> [DATASET CONTENT]
○ ○ ○ ○ ○
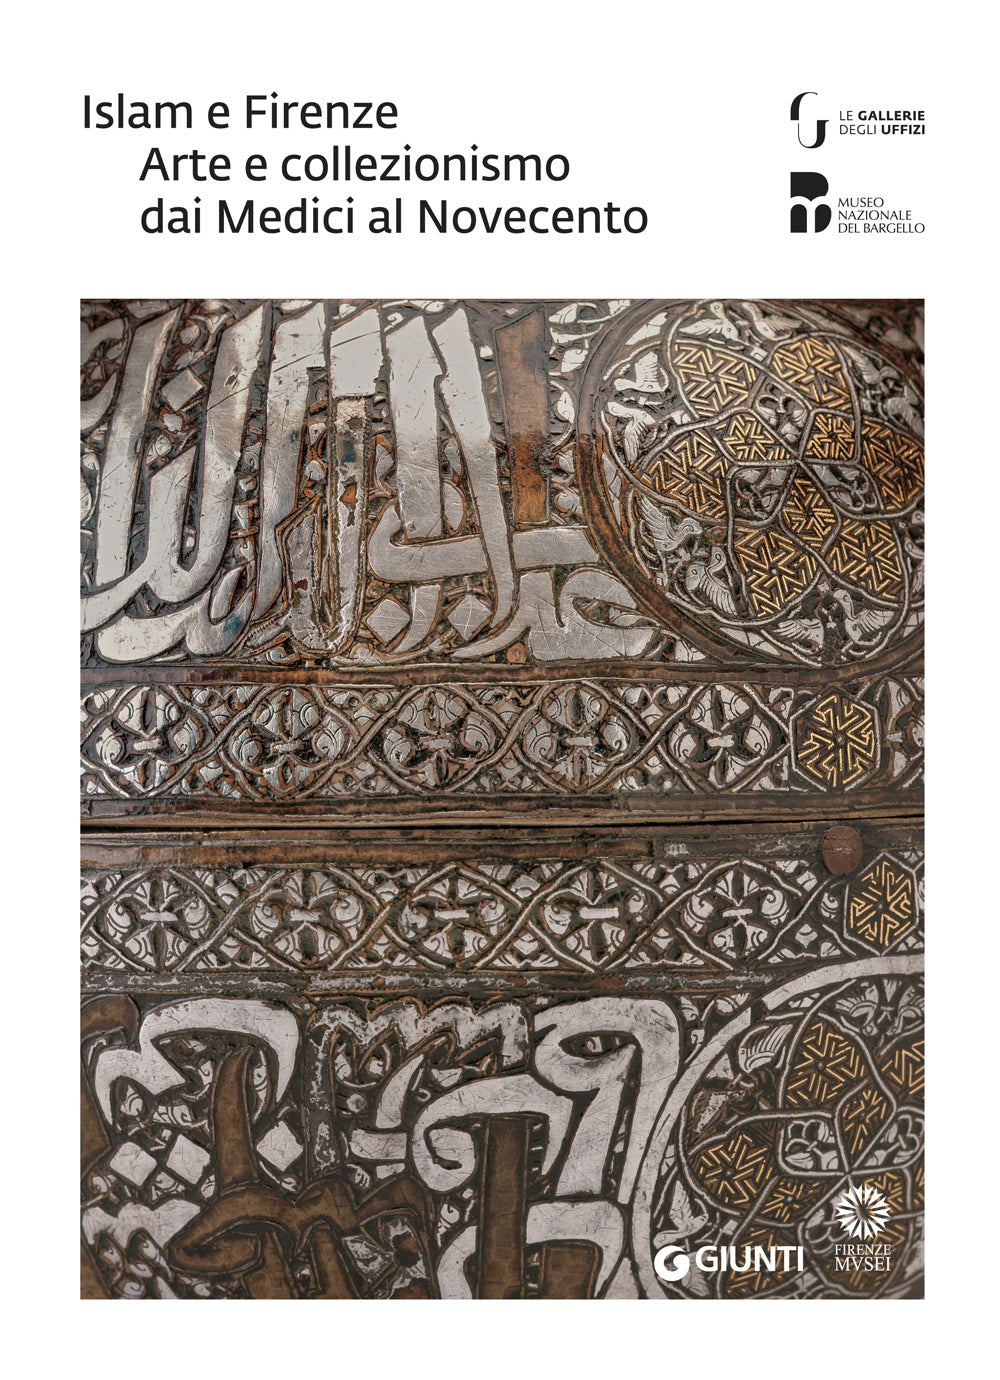 Islam e Firenze. Arte e collezionismo dai Medici al Novecento
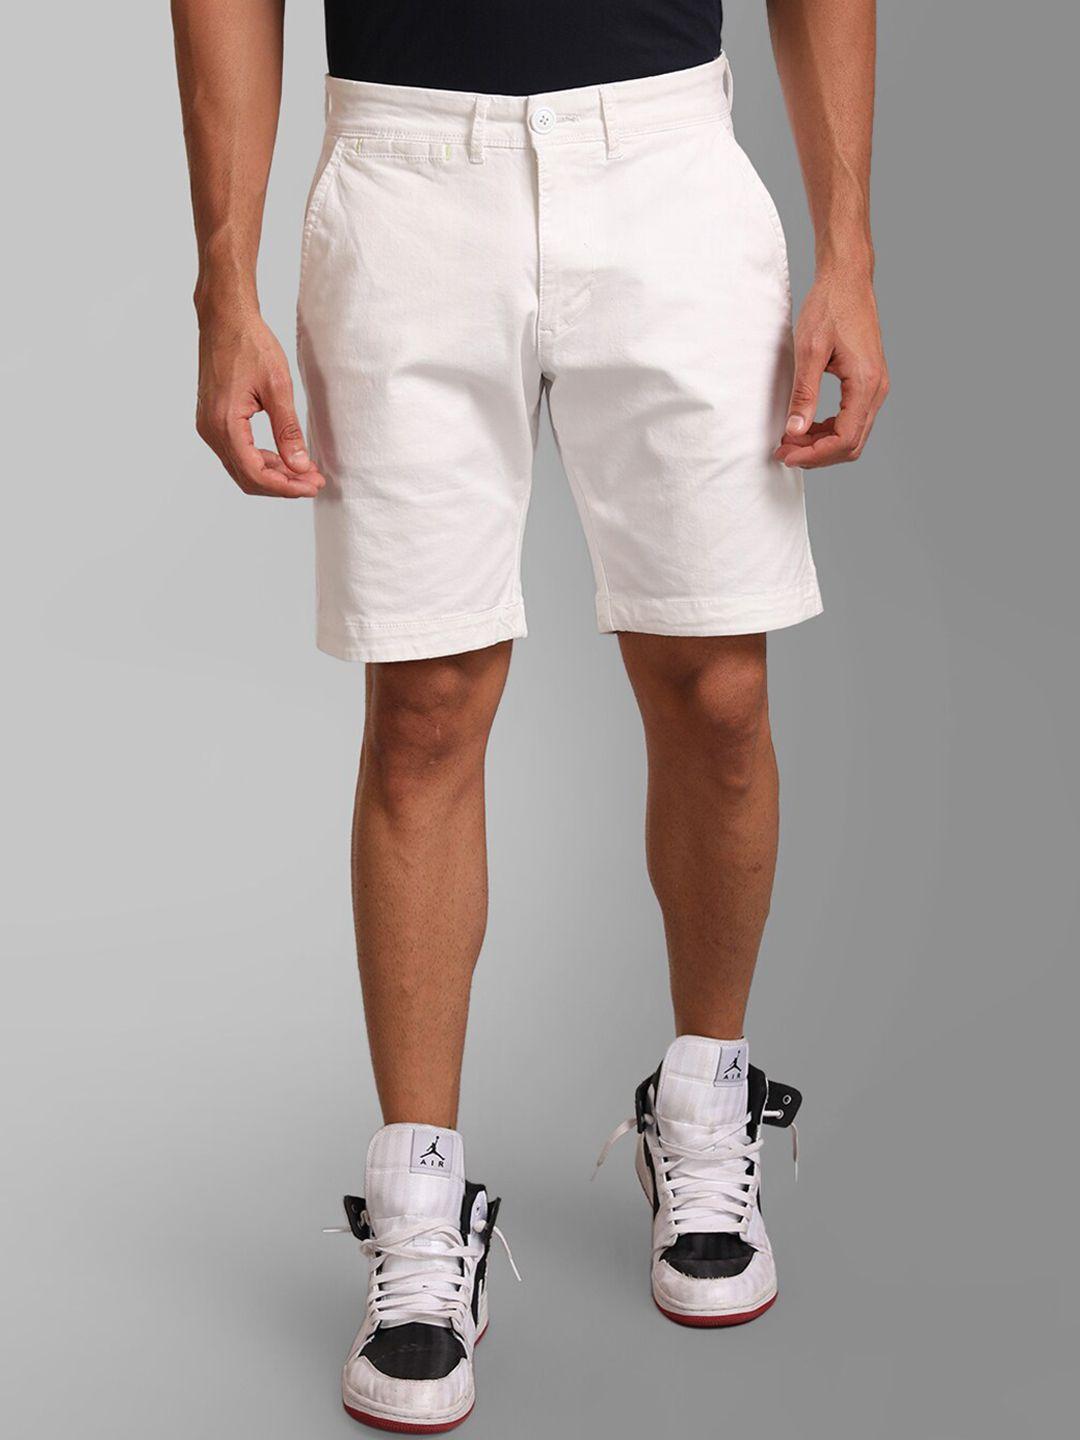 kz07 by kazo men white high-rise sports shorts
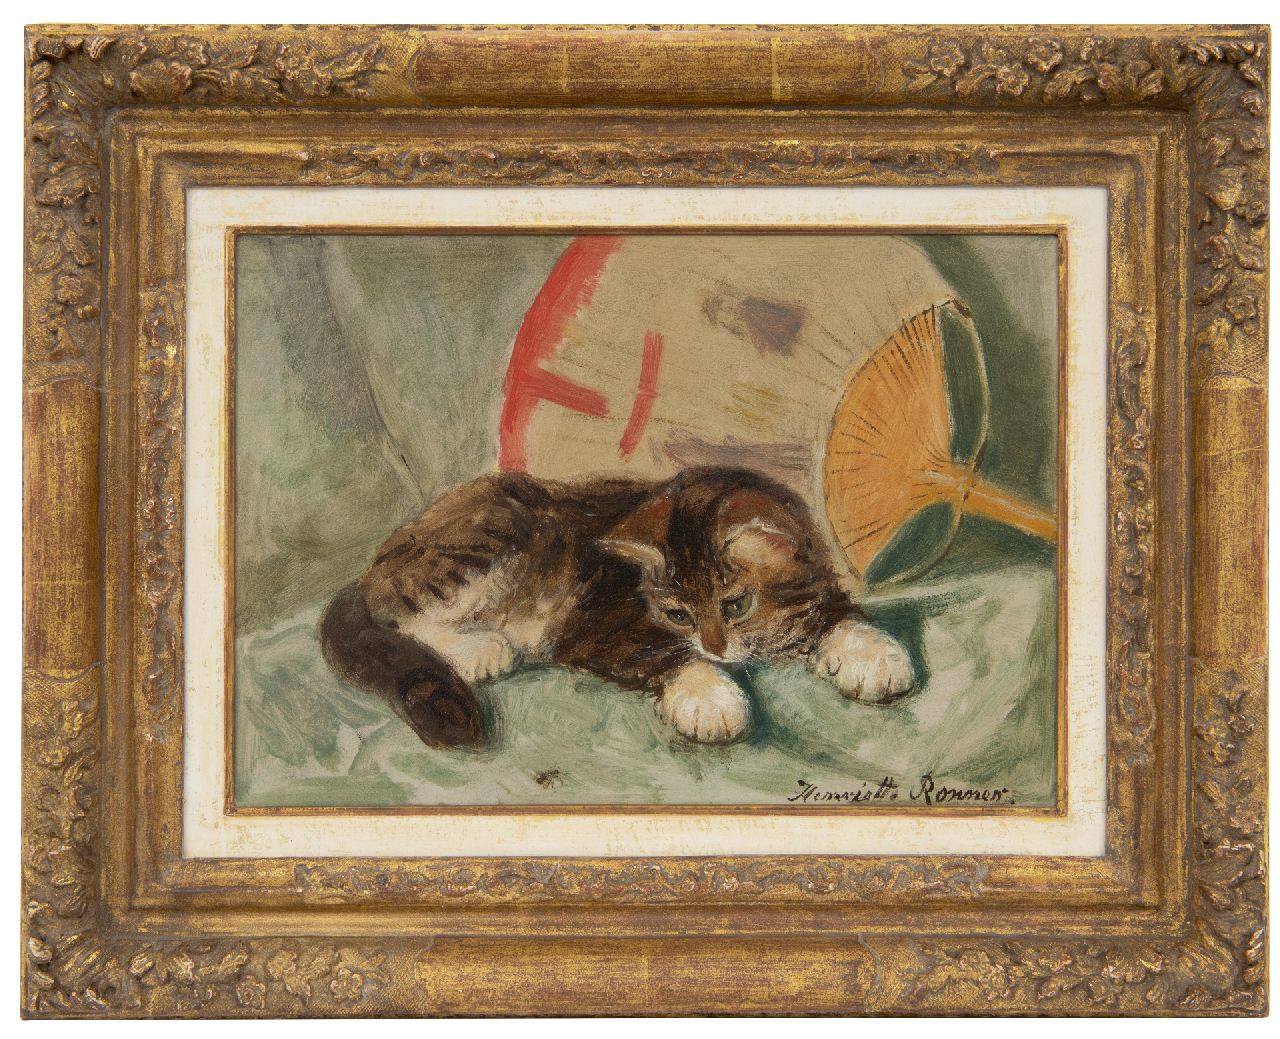 Ronner-Knip H.  | Henriette Ronner-Knip, Jong katje met een vlieg, olieverf op papier op board 21,8 x 31,2 cm, gesigneerd rechtsonder
○ ○ ○ ○ ○
Your output should consist solely of the lines from the line containing "kz07 by kazo" through the end of the data above, copied exactly, with images removed.

> [EXERCISE OUTPUT]
 kz07 by kazo men white high-rise sports shorts
 Ronner-Knip H.  | Henriette Ronner-Knip, Jong katje met een vlieg, olieverf op papier op board 21,8 x 31,2 cm, gesigneerd rechtsonder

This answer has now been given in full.